- _TASK ITEM_
No picture should appear in the copy. Transcribe exactly, and only, the lines from the one with "Bohemian 1970s Metallic" through the last line of the data below.

++++ RAW DATA

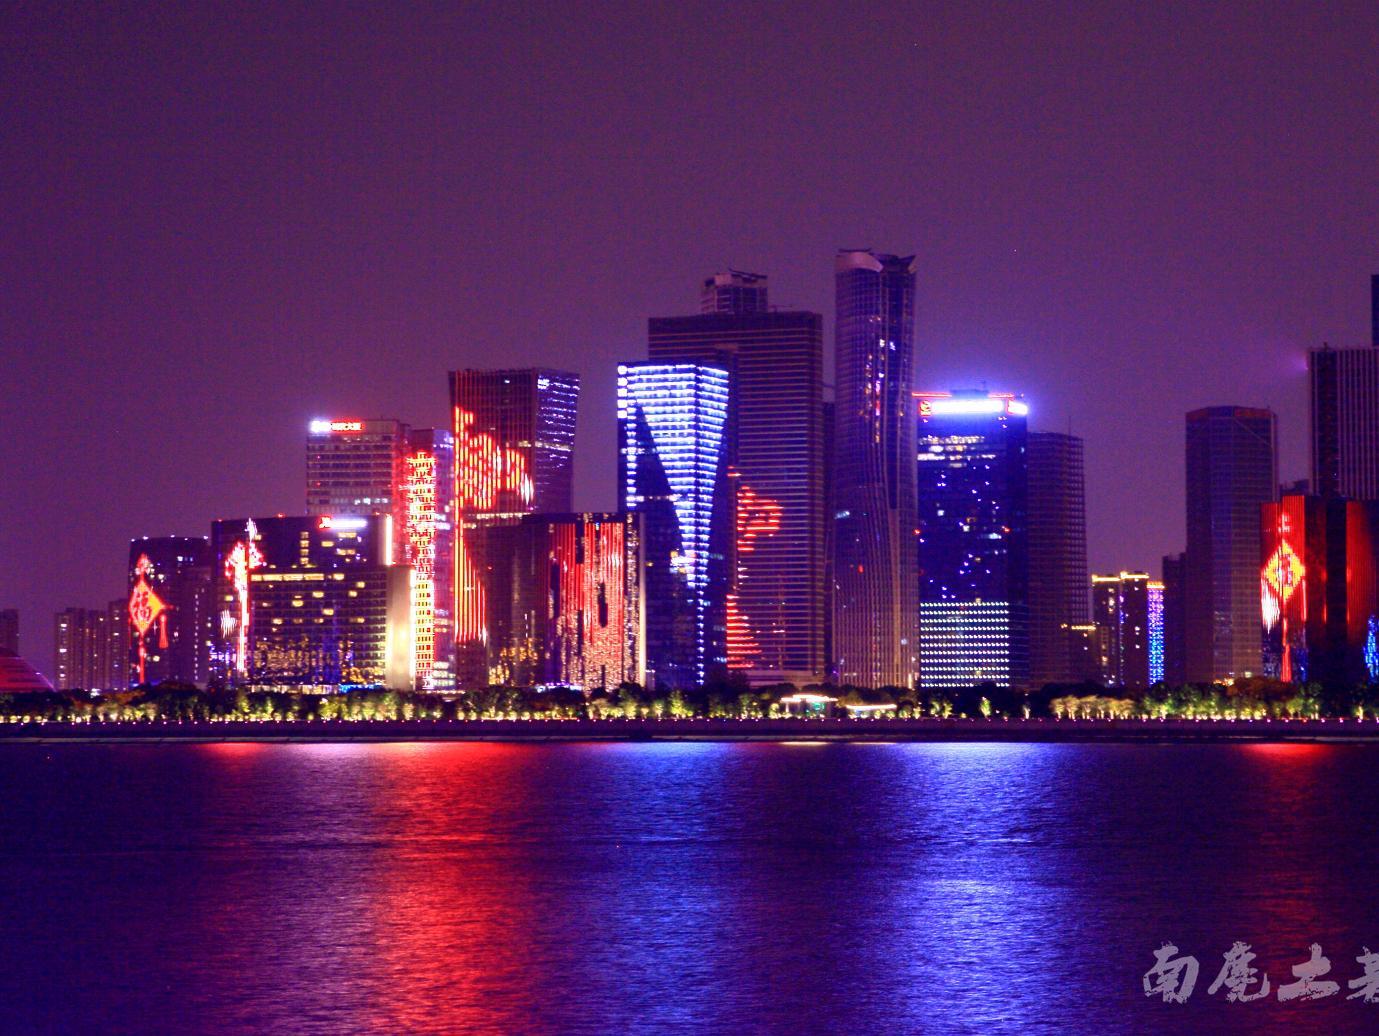 G20杭州新城灯光秀,美到爆
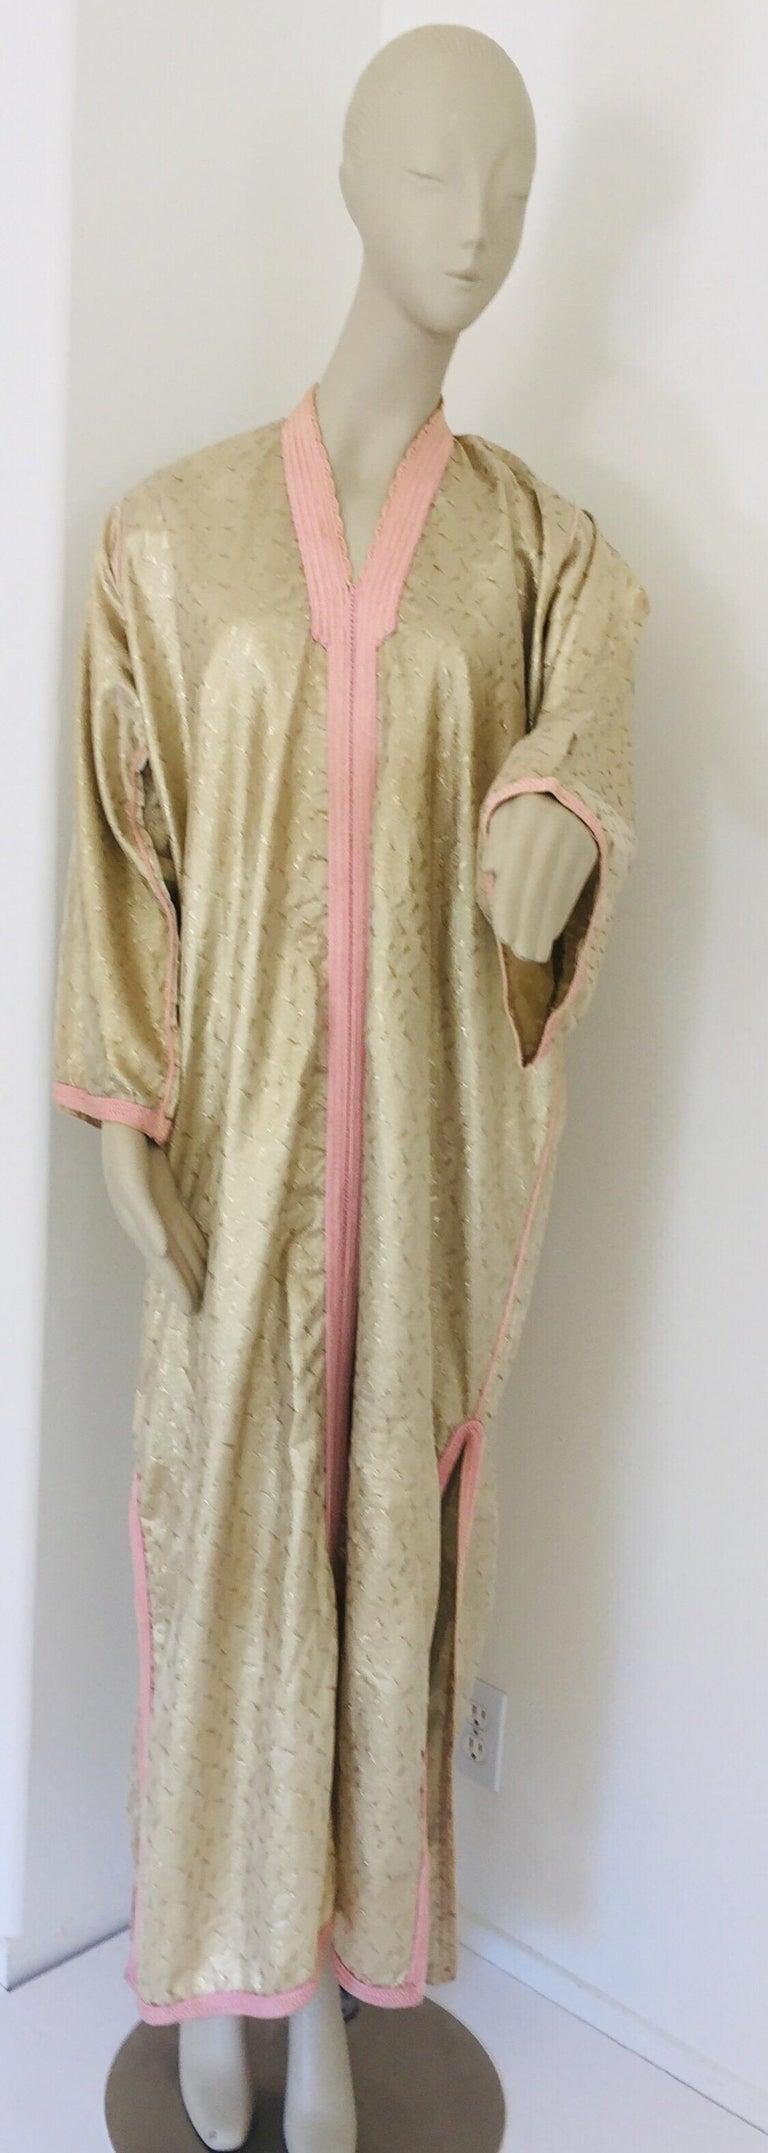 Bohemian 1970s Metallic Gold Moroccan Caftan, Kaftan Maxi Dress North Africa, Morocco For Sale
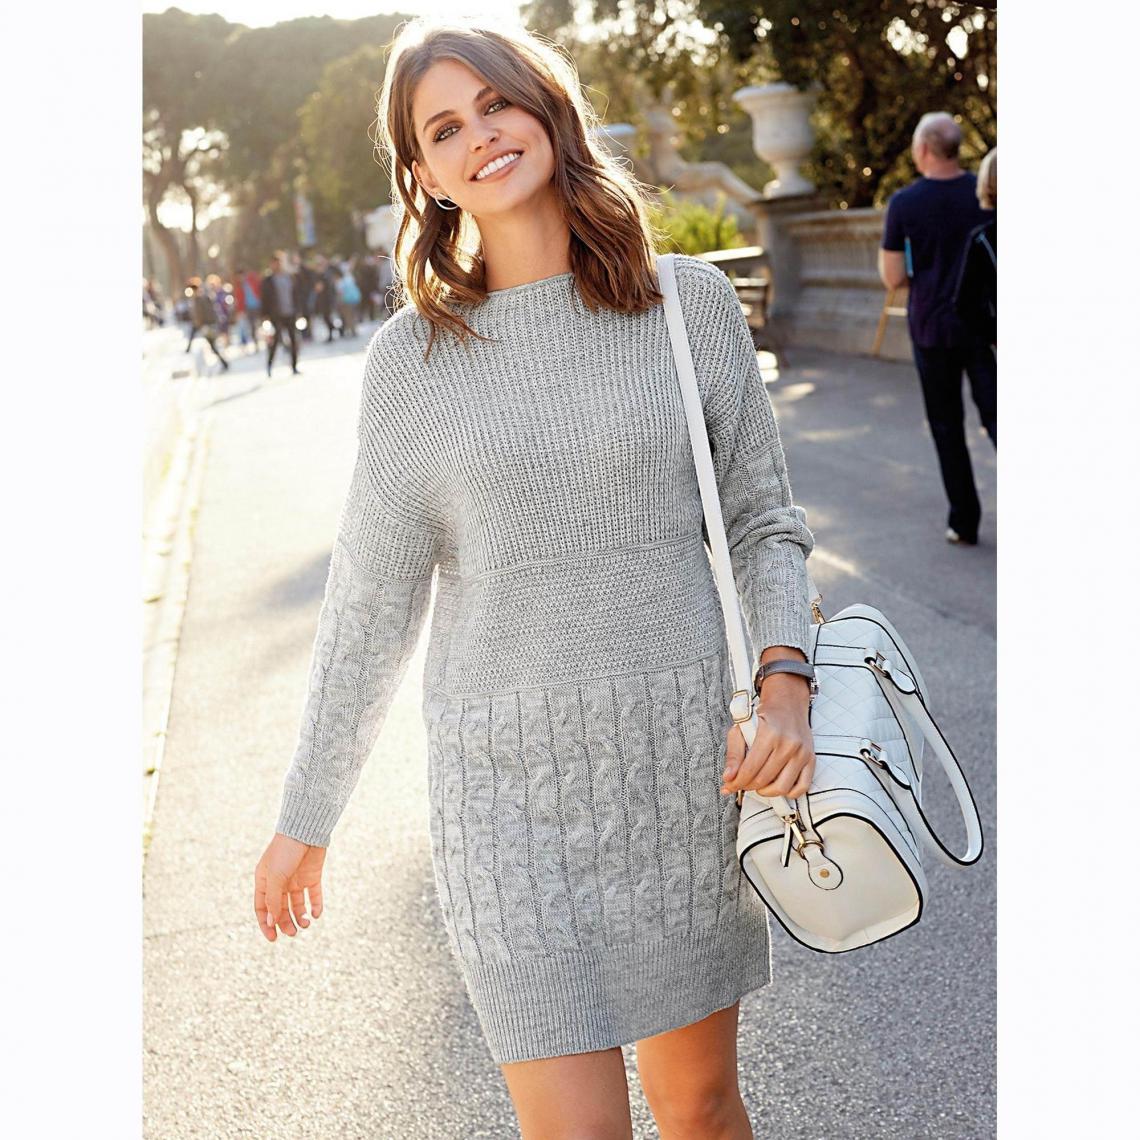 Courte Perle3 Femme Longues Tricot Robe Tresses Manches Gris H29DIWE

++++++++

- _REPLY_
 Bohemian 1970s Metallic Gold Moroccan Caftan, Kaftan Maxi Dress North Africa, Morocco For Sale
 Courte Perle3 Femme Longues Tricot Robe Tresses Manches Gris H29DIWE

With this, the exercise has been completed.